◆ Task: Using the data below, output a verbatim copy of the lines between the one holding "Jetta-Red-Rectangle-TR-Eyeglasses-detail" and the one holding "Brown T-shirt, NURIT", inclusive, without any pictures.

◆ Data for the task:
* * * * *

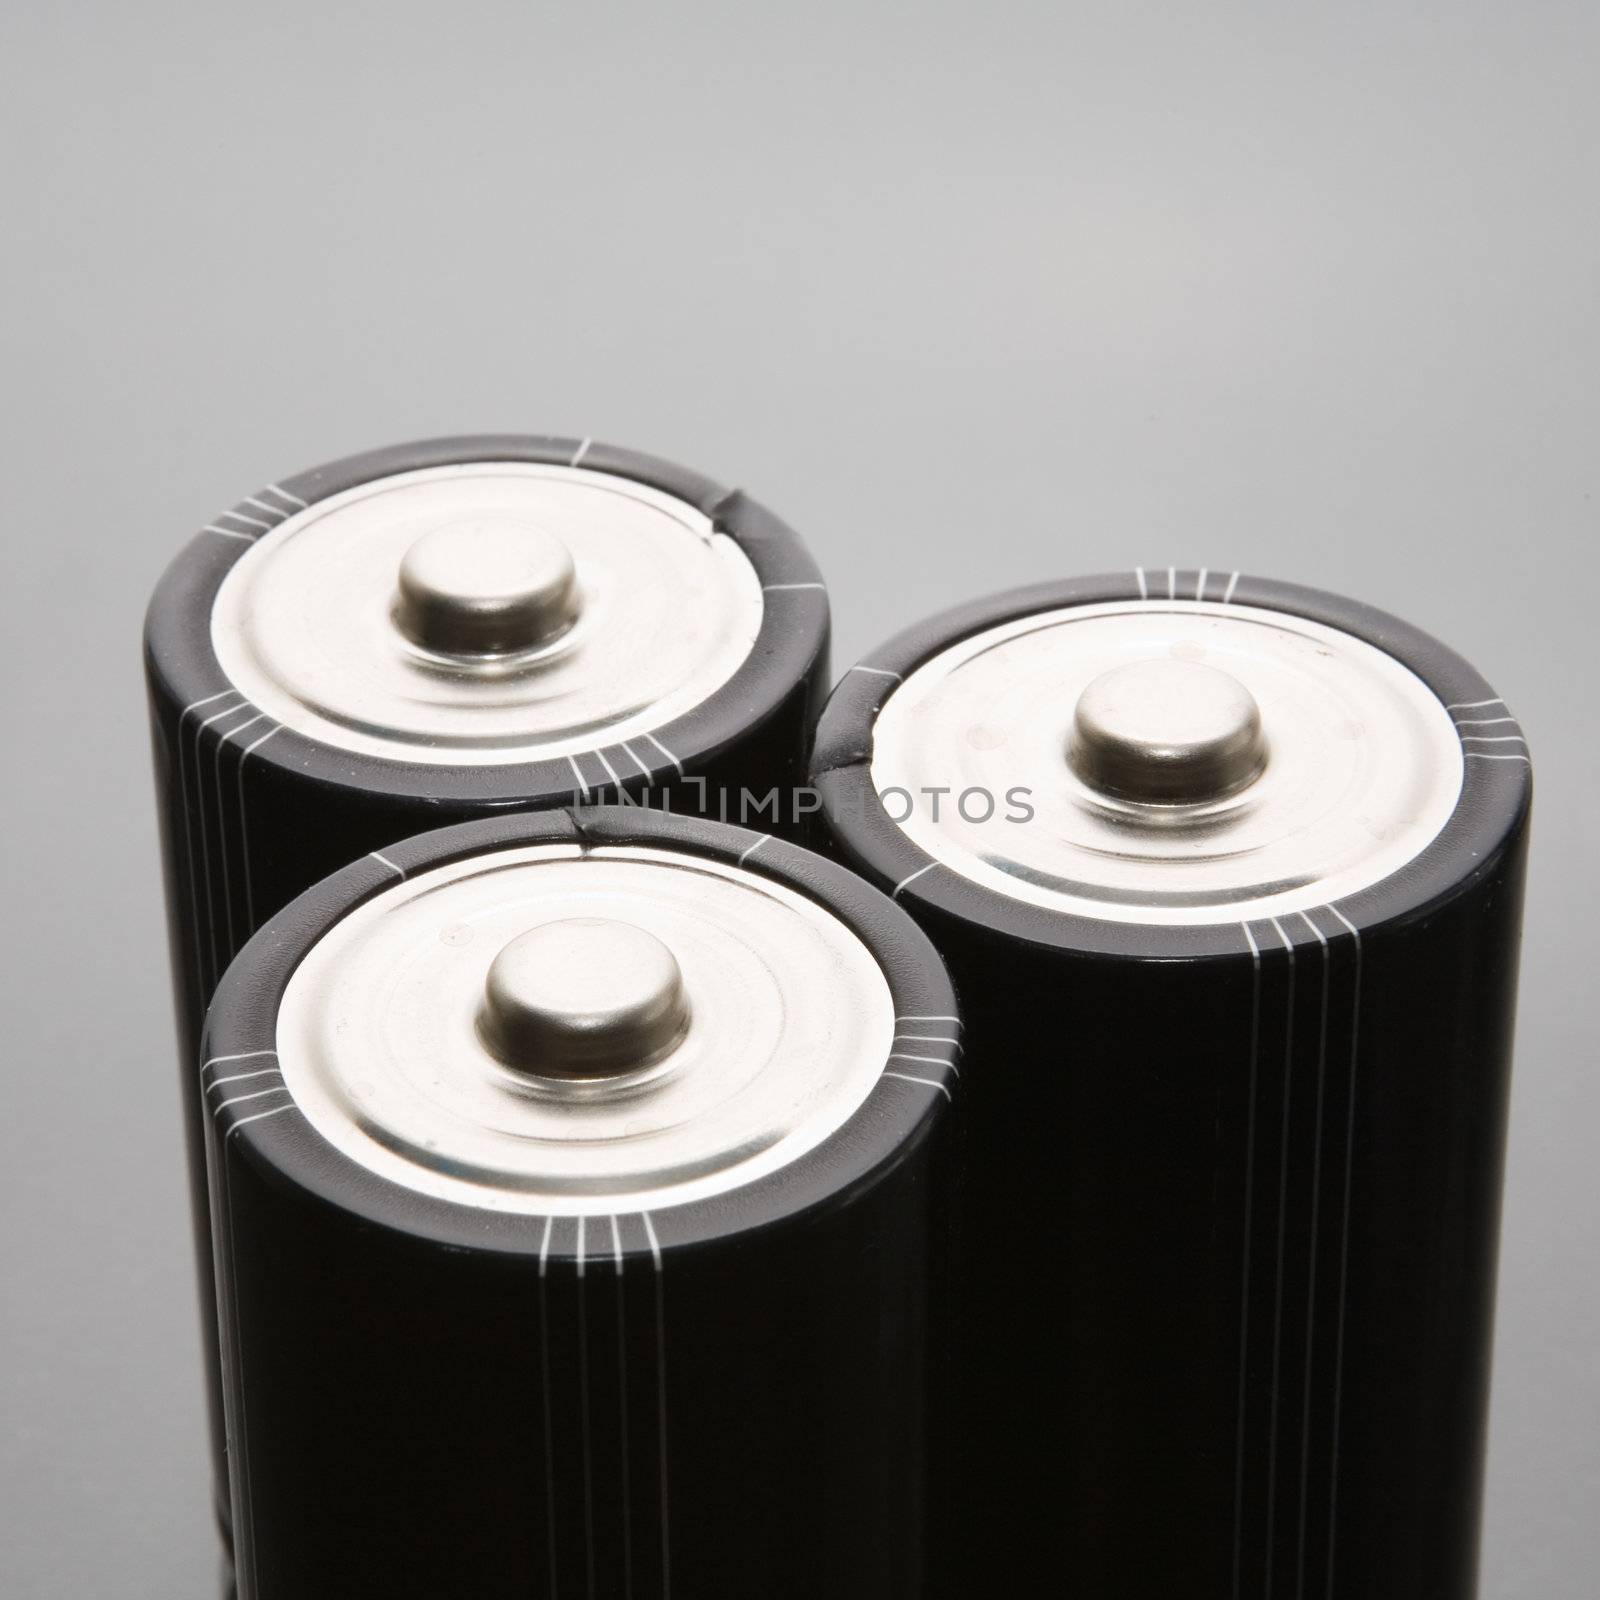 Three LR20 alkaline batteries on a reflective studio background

* * * * *

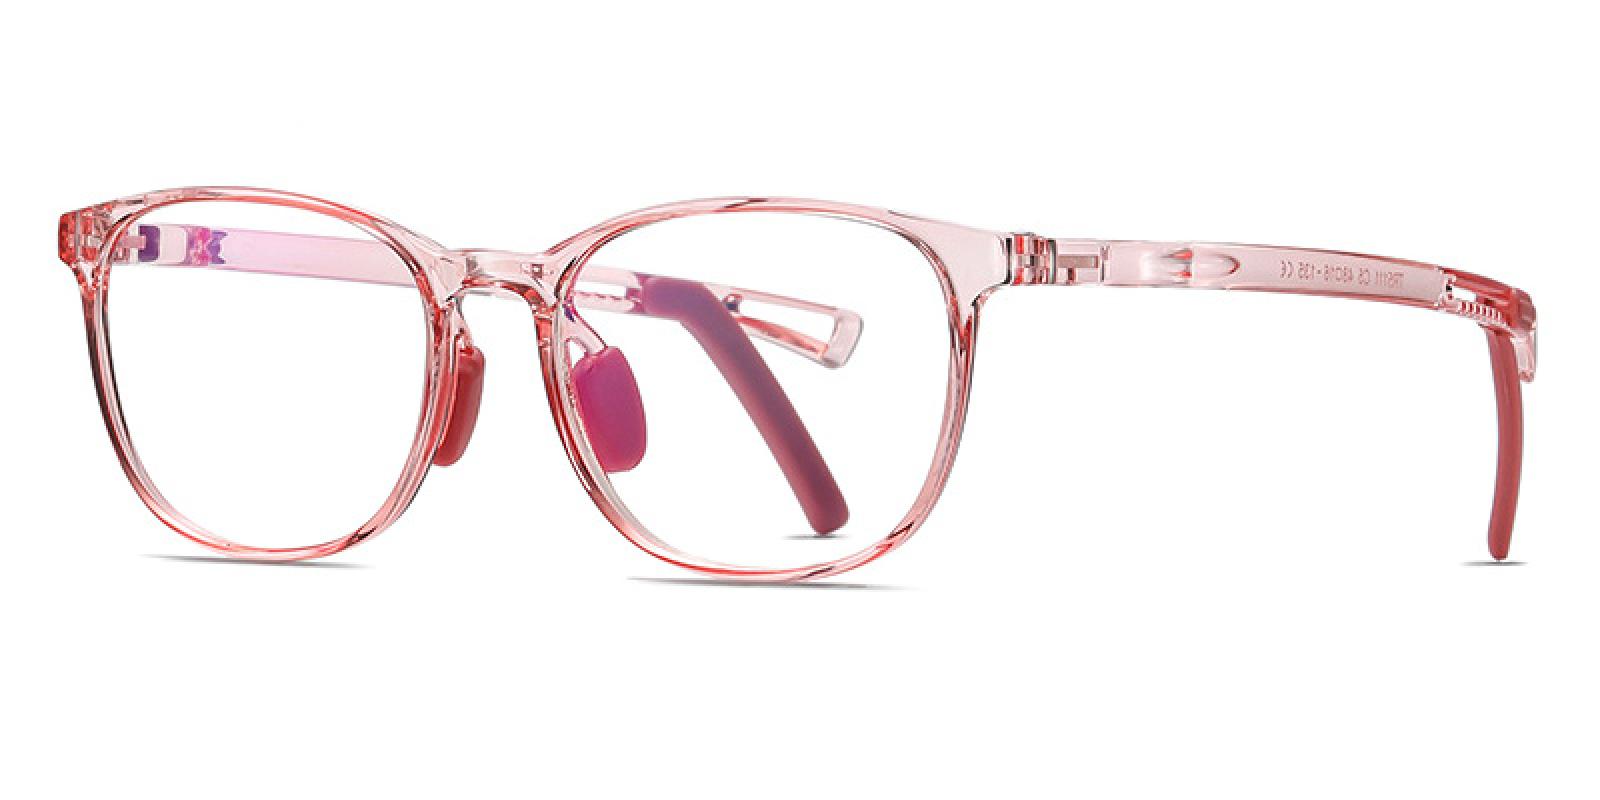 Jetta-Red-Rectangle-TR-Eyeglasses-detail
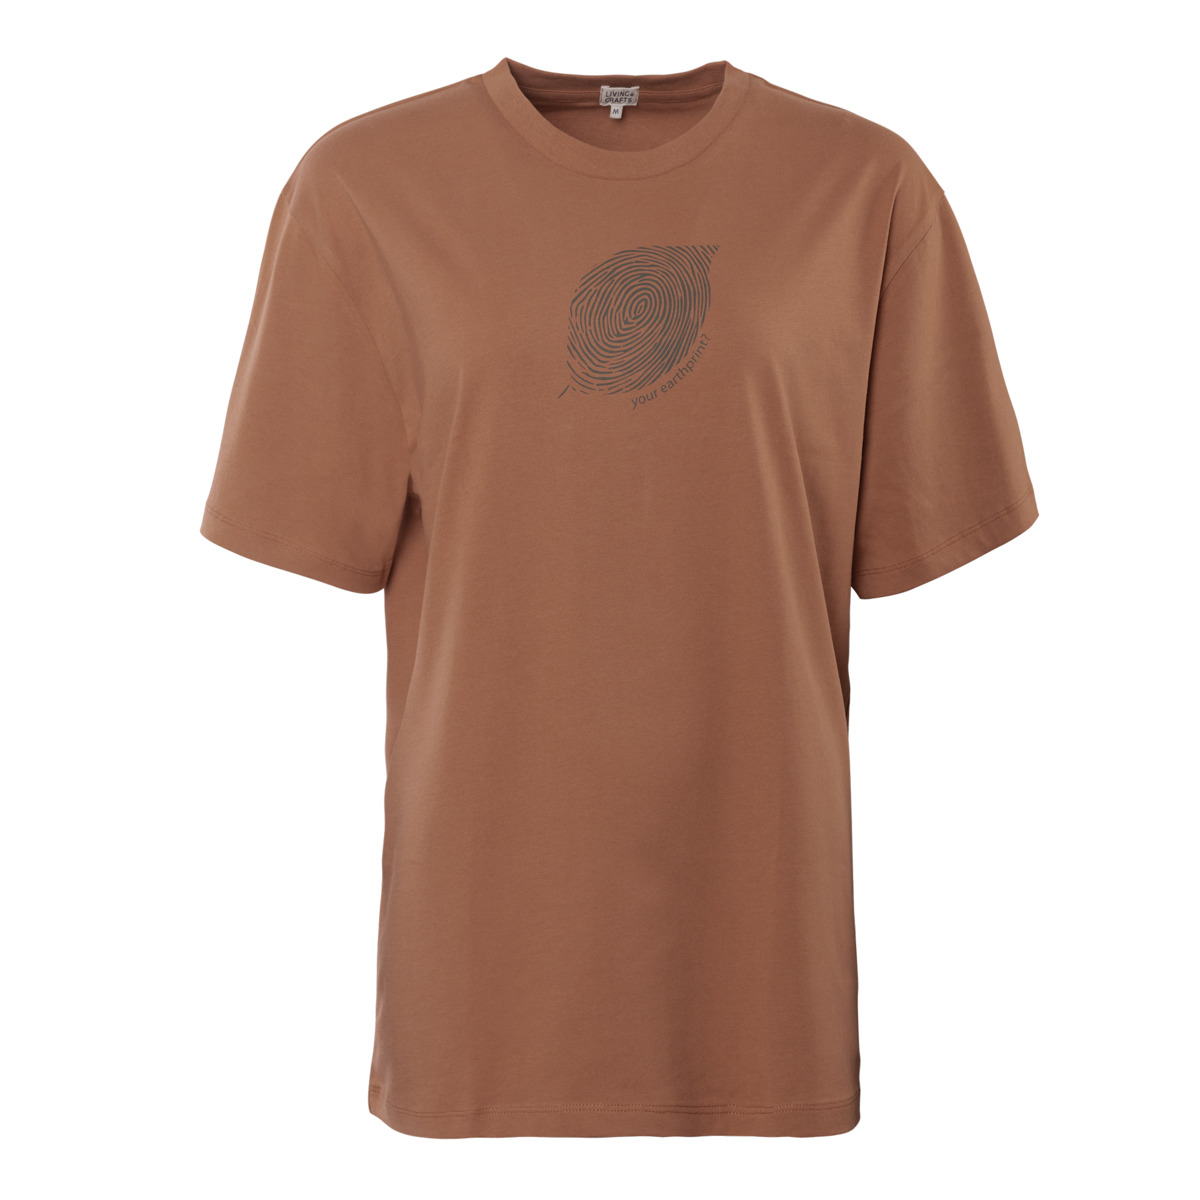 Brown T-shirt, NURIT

* * * * *

◆ Result for this task:
 Jetta-Red-Rectangle-TR-Eyeglasses-detail
 Brown T-shirt, NURIT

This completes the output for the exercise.